A compliance officer reviewing a Law 25 AI deployment radar

Quebec’s privacy regulator spent the first two years of Law 25 acting in collaboration. The CAI’s stated approach was to help organizations comply, not to punish them. That posture is now shifting. The Commission has signalled that routine compliance audits will scale through 2026, and its enforcement focus is explicitly on systematic governance failures in AI deployments, not one-off privacy incidents.

Most Quebec organizations still treat Law 25 as a privacy question their general counsel answered in 2023. They completed the consent notices and the data inventory and moved on. Section 12.1 covers decisions most of them do not realize are automated.

What Section 12.1 Actually Says

If your organization makes a decision about an individual exclusively through automated processing, and that decision produces legal or similarly significant effects, you must notify the person no later than when the decision is communicated. You must disclose the personal information used, the principal factors behind the outcome, and the right to request human review. Built it in-house or bought it off the shelf: same obligation.

That definition quietly pulls in AI resume screeners, credit and insurance scoring models, chatbots resolving account decisions without a handoff, analytics that auto-flag accounts for closure, and internal copilots whose decisions staff rubber-stamp. Most of these live in HR, customer service, or client operations, not in a data science team that knows what an algorithmic impact assessment is.
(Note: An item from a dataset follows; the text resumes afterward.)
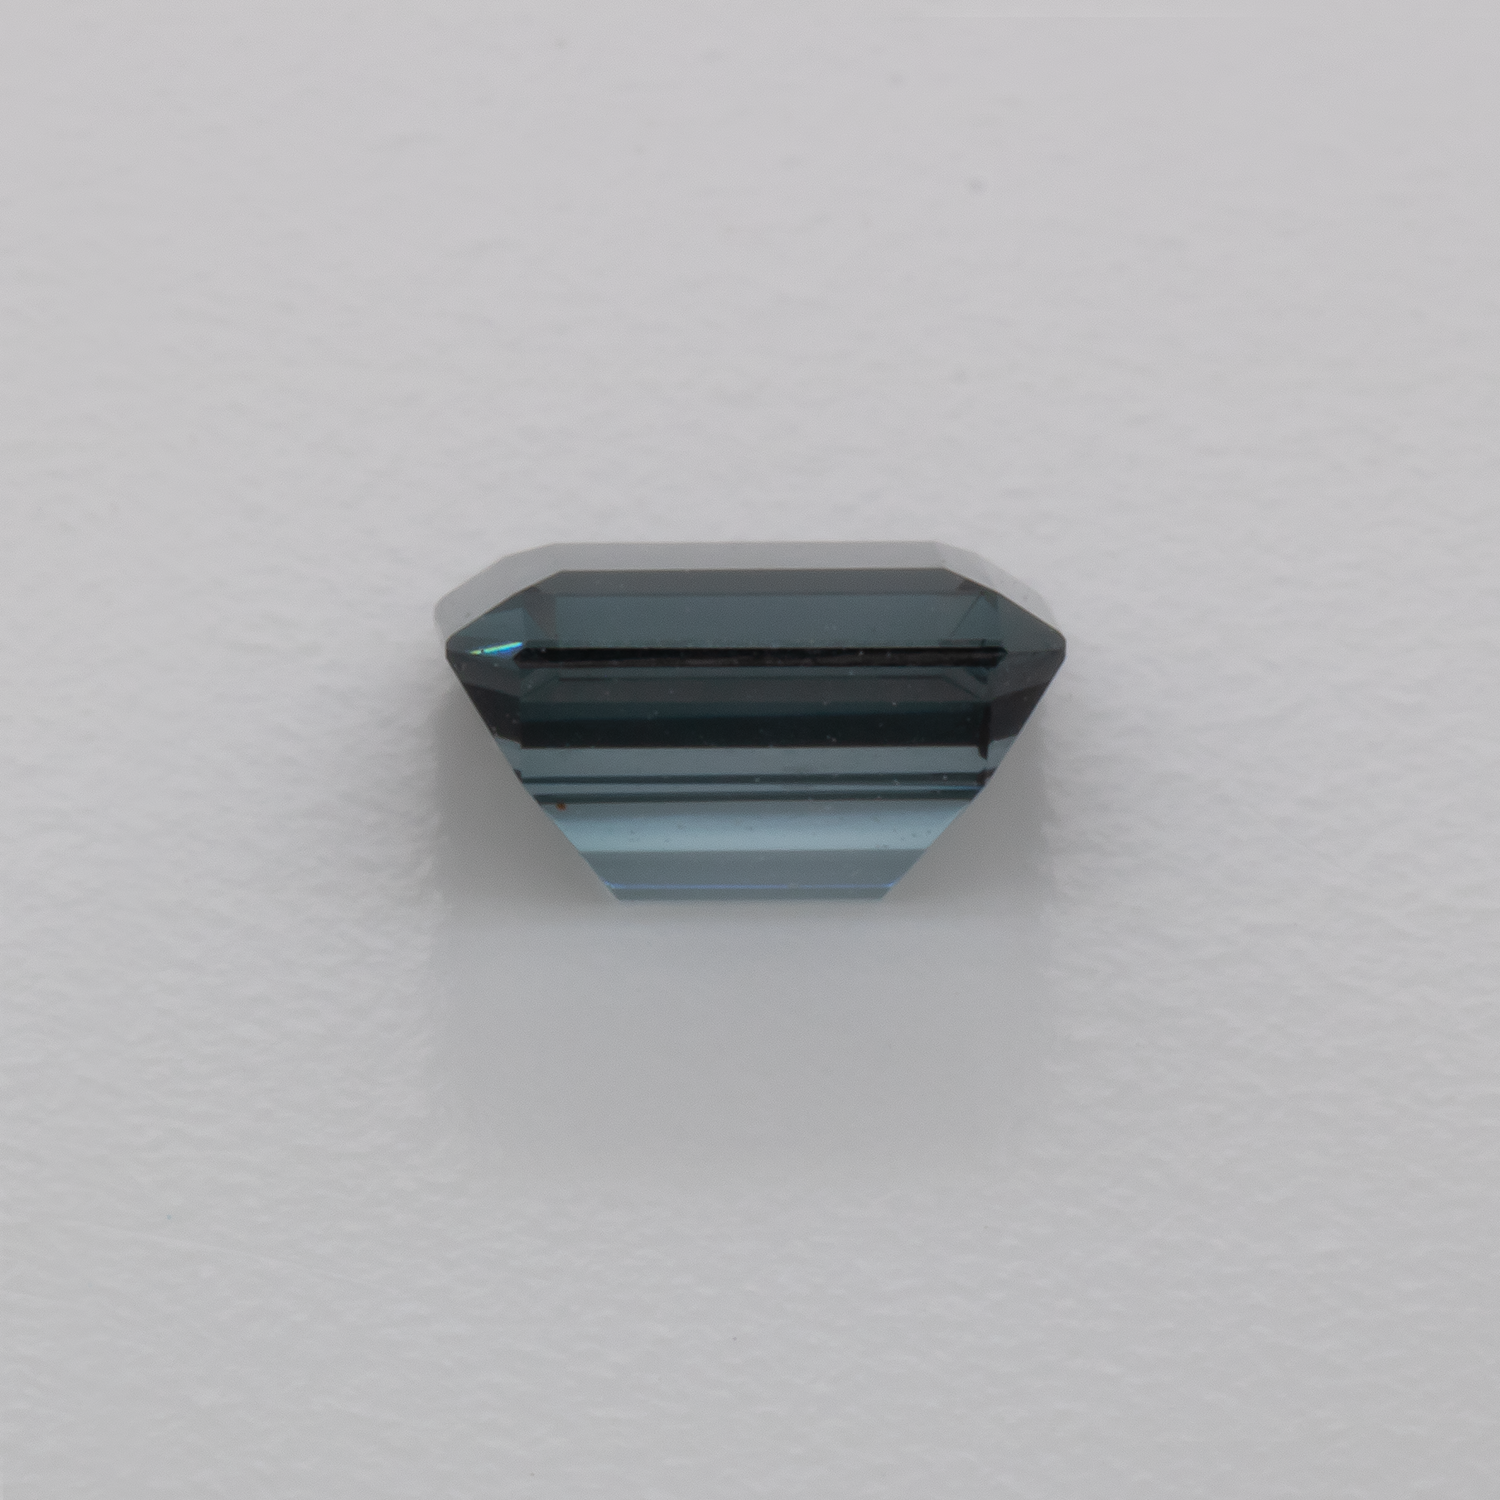 Spinell - grau, achteck, 5.6x4.5 mm, 0.75 cts, Nr. SP90054

The practical problem: most organizations have not mapped their AI surface area to this obligation. I have seen compliance officers who can list every data processor contract yet cannot name the AI systems in their own HR pipeline. That gap is the audit risk.

What I Would Do This Quarter

Inventory every AI tool in use, including ones embedded in SaaS platforms (LinkedIn Recruiter, your HRIS, your CRM, your support platform). For each one, two questions: does it produce a decision that affects an individual, and is the decision made exclusively through automation with no meaningful human review? A reviewer who approves 199 of 200 daily AI recommendations is not exercising meaningful review. The CAI has signalled it looks at practice, not policy language.
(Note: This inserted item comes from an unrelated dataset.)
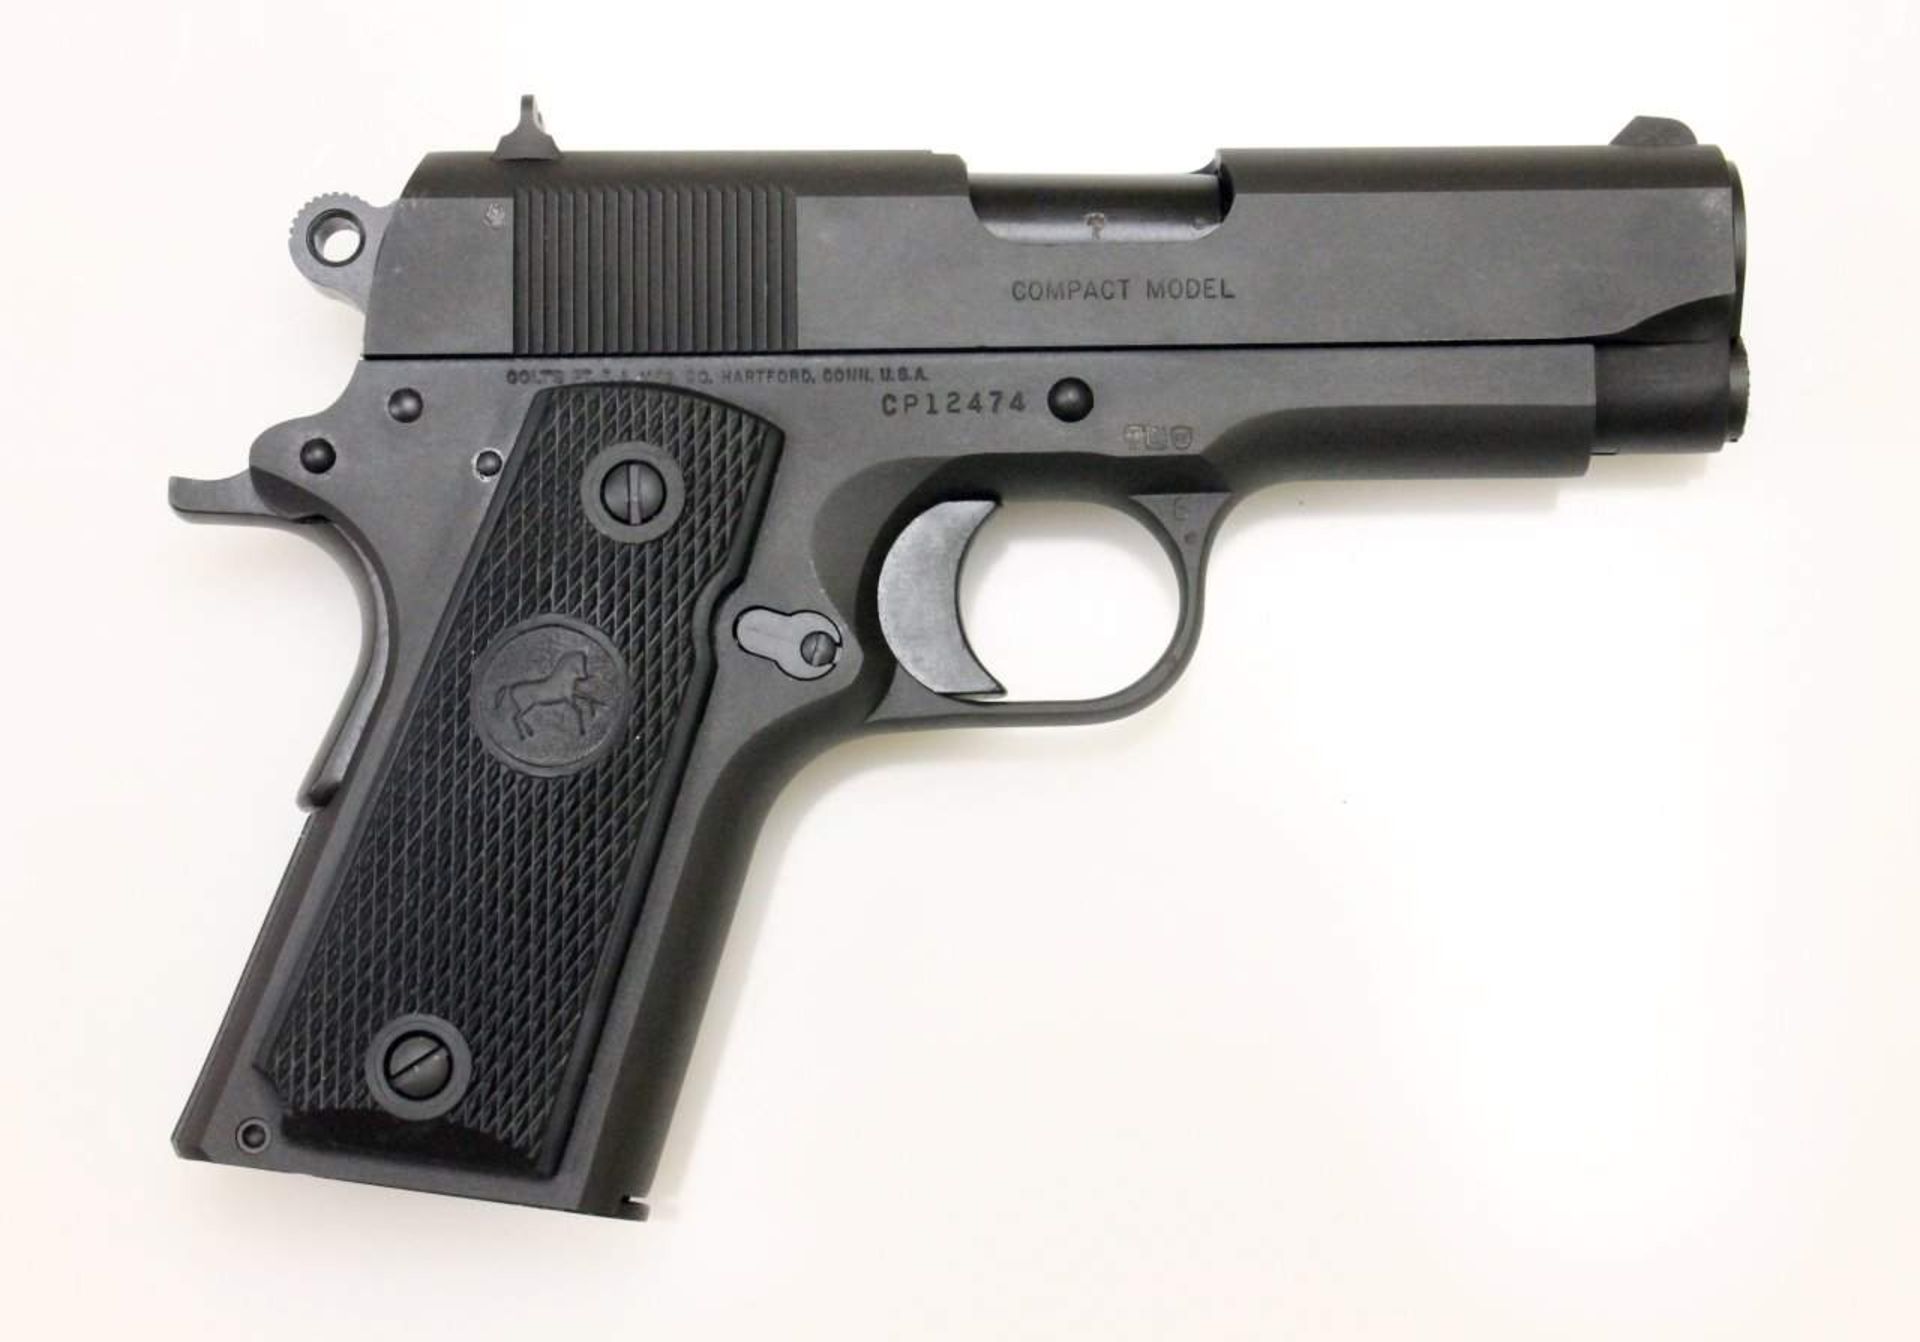 Selbstladepistole Colt, Modell: 1991 A1 Compact Cal. .45 ACP, S/N: CP12474, Lauf spiegelblank,

Every tool in scope needs three artifacts: a Section 3.3 privacy impact assessment, a Section 12.1 disclosure notice, and a documented human review mechanism. Missing any of these is what gets flagged.

Where ISO 42001 Earns Its Keep

This is where ISO 42001 becomes useful operationally, not just as a logo. The Annex B controls require the same inventory, impact assessment, and human oversight documentation Law 25 expects. One compliance exercise can satisfy a provincial regulator and an international client’s vendor assessment at the same time.

I spent 21 years in military aviation working inside AF9000+, the military’s ISO 9001-based quality management system. AI governance is the same mechanics: documented system, clear ownership, measurable controls, evidence of practice. What you cannot demonstrate, you cannot claim.

A Preview of What Comes Next

Quebec organizations have one structural advantage. Law 25 is a preview of what Canadian federal AI regulation will look like when Minister Solomon’s renewed strategy lands. Getting ahead of Section 12.1 is not just provincial compliance. It is a rehearsal for whatever replaces AIDA.

The ordinary failure mode is not exotic. It is an analytics tool, a hiring screener, or a chatbot running without a PIA, without a Section 12.1 disclosure, without a documented human-in-the-loop. If your organization has not inventoried its AI tools against Law 25 in the past twelve months, that is the conversation an auditor will start.